И долго еще слышала Лидка сквозь скрип ставней то ли крик какой птицы, то ли вой ветра.
12
В воскресенье появились Колька и Маня. Гордые и обалдевшие от радости, они с ходу принялись одаривать друзей подарками. Колька привез им с Фишкой по берестяному туеску, а Вовке смешного человечка из корня березы – сам сделал. Маня подарила Вовке носовой платочек, обвязанный кружевами, а девчонкам по спичечному коробку с засушенными бабочками.
– Ты зачем же их мучила? – огорчилась Лидка.
– Я не мучила. Я притыкивала булавкой на стенку под кровать. Чтоб не украли, – обиделась Маня.
– А если бы нас с тобой вот так притыкнуть, а?
– Ой!
– Бить я тебя буду, – пообещала Лидка. – Ну, да ладно, спасибо тебе, Маня, что ты нас не забыла, правда, Фиша?
– Правда, – подтвердила Фишка.
– А бабочек мы отнесем в школу... А то прошлым летом Колька весь день за бабочкой бегал. Ну, рассказывайте, как вы там?
– Ой, а у нас был ежик! – оживилась Маня.
– Ха, ежик... Невидаль! У нас в подполе живет уж, – сказал Вовка.
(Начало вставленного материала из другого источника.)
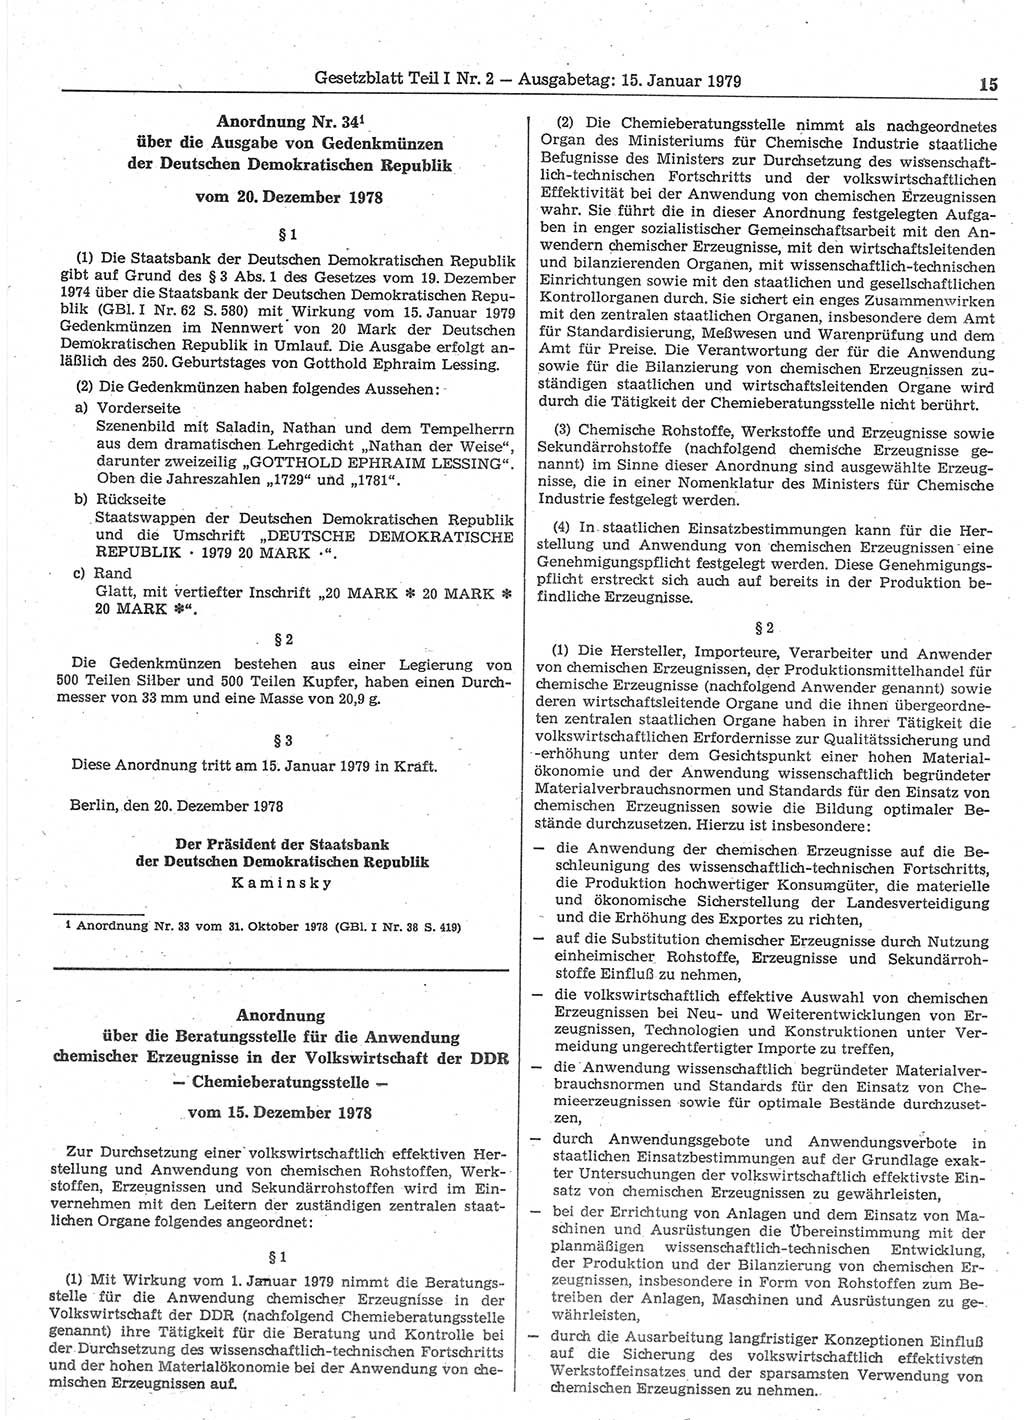 Gesetzblatt (GBl.) der Deutschen Demokratischen Republik (DDR) Teil Ⅰ 1979, Seite 15 (GBl. DDR Ⅰ 1979, S. 15)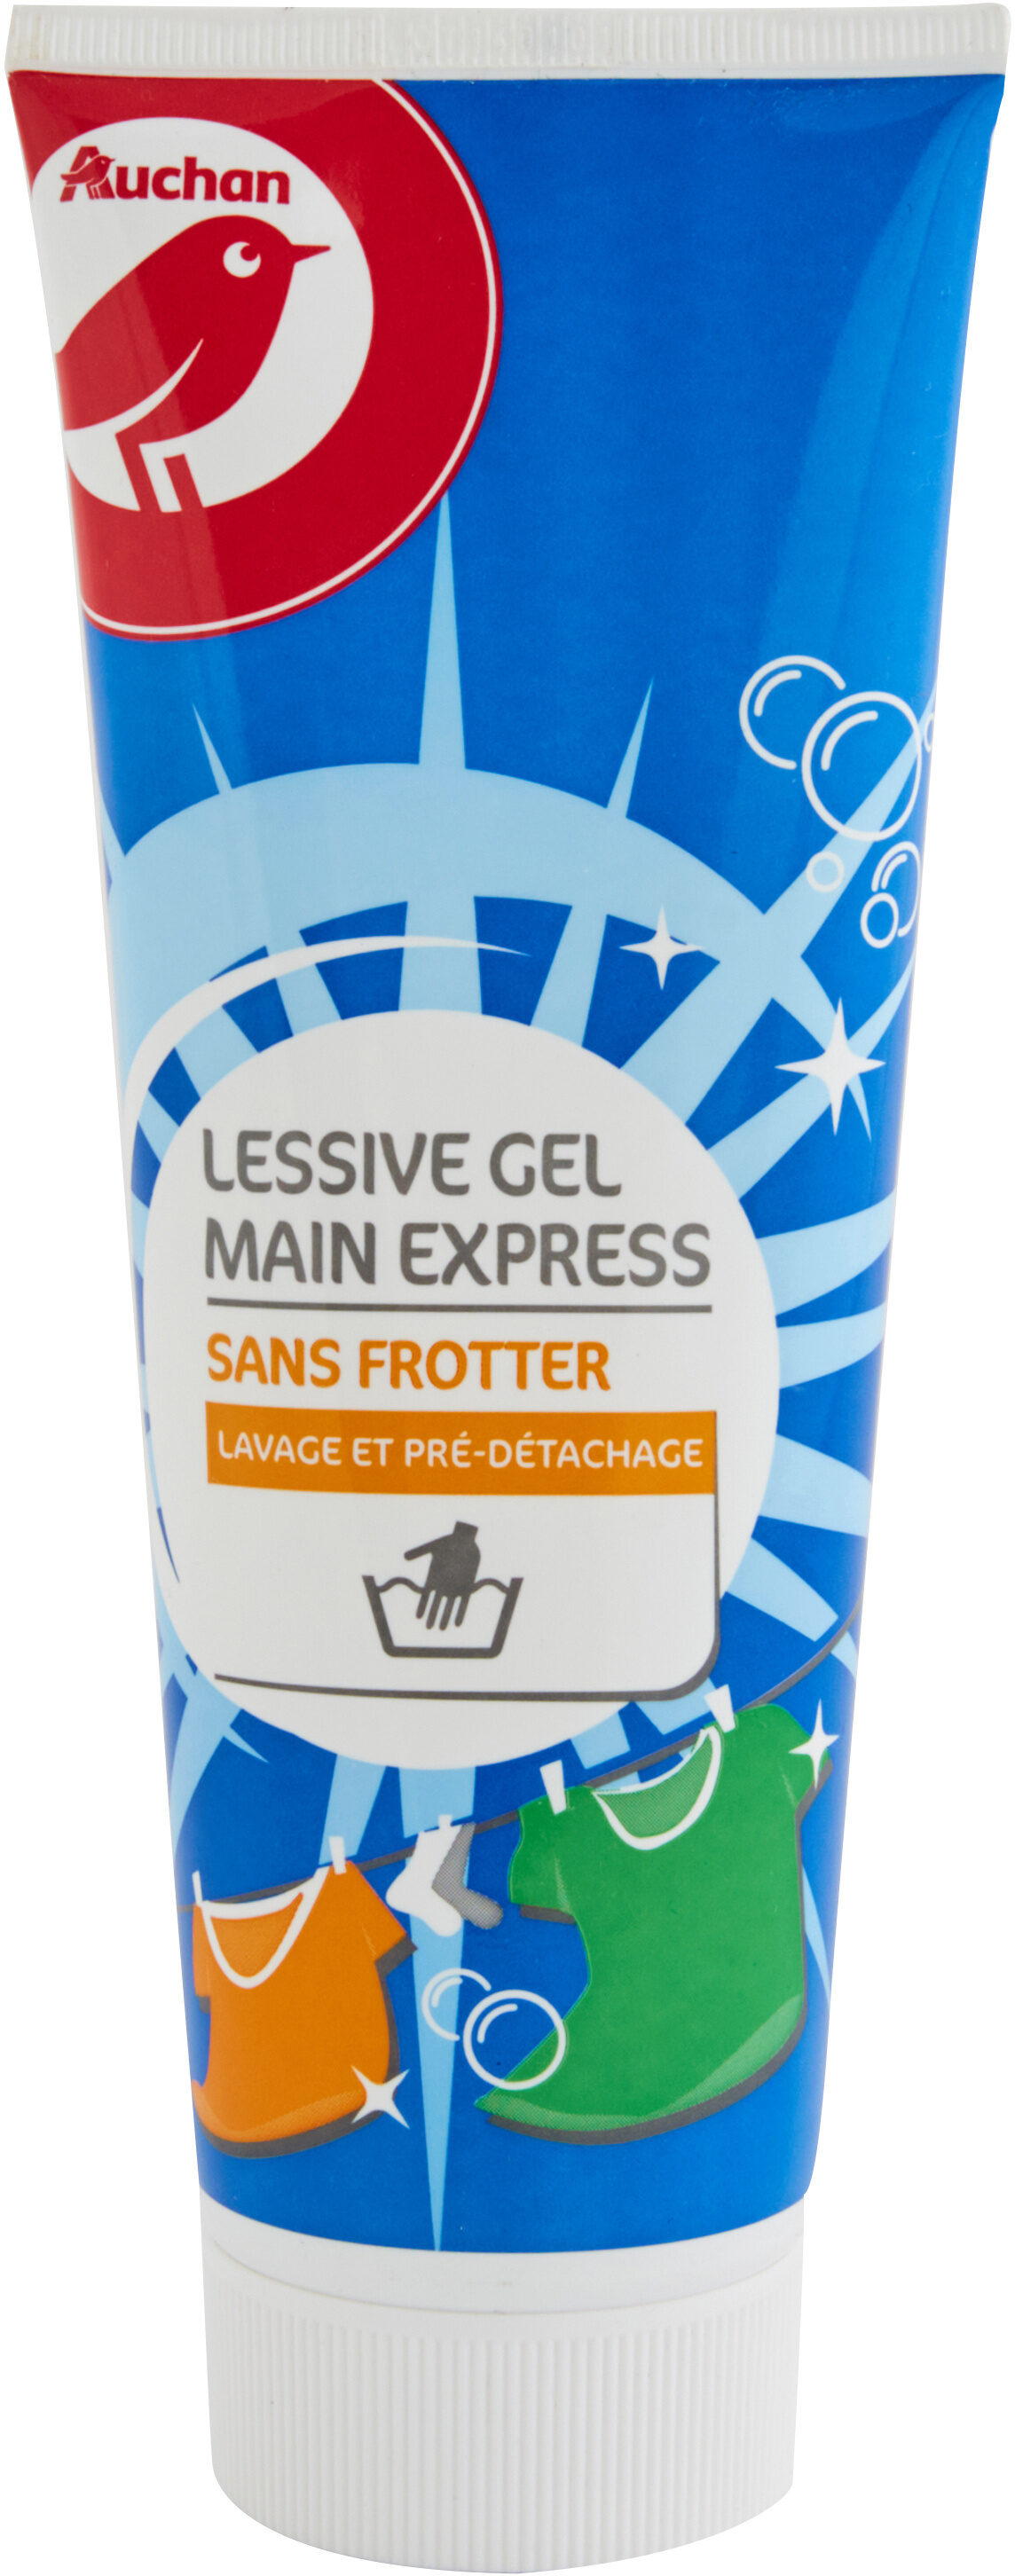 Lessive gel main en tube 250ml - Produit - fr

– Покажи, – потребовал Колька.
– Так он редко вылазит.
– Все равно, – настаивал Колька.
– Ладно, – соглашается Вовка. – Мы ему молока в блюдечко нальем – он и вылезет.
– А еще мы разучивали песни и жгли костры. Очень было интересно! Правда, Кольк? – Колька кивнул. – А Колька влюбился. Вот! – добавила Маня.
– Дура! – покраснел Колька. – Сама ты влюбилась. Я только показывал, как надо строгать прутик...
– Знаем мы ваши прутики! – не сдавалась Маня.
– А ты только и пялилась на физкультурника. Что – съела?
– Дурак, я ж ему в дочери гожусь, а ты? Э-эх, ты-ы-ы... А еще – Колька!
Пока они топтались у Лидкиного палисадника и выясняли, кто в кого влюбился, не заметили, как налетела туча и припустил веселый, густой дождь. Он шел полосой. Дождины блестели на солнце. Чуть погромыхивал гром. Изредка ветвилась по небу слабая молния. А за Тоболом повисла большущая радуга.
– Дождик, дождик, пуще! Дам тебе я гущи! – задрав подол, кричала и прыгала по лужам Маня.
Дождик скоро кончился, но они все еще бегали по лужам. Вымокли. Взъерошились, как воробьи.
– Фиша, ты говорила, что солнце, луна, гром и ветер живут на небе, а где живет радуга?
– Радуга – это отражение света...
– Это какого еще света? – допытывалась Лидка.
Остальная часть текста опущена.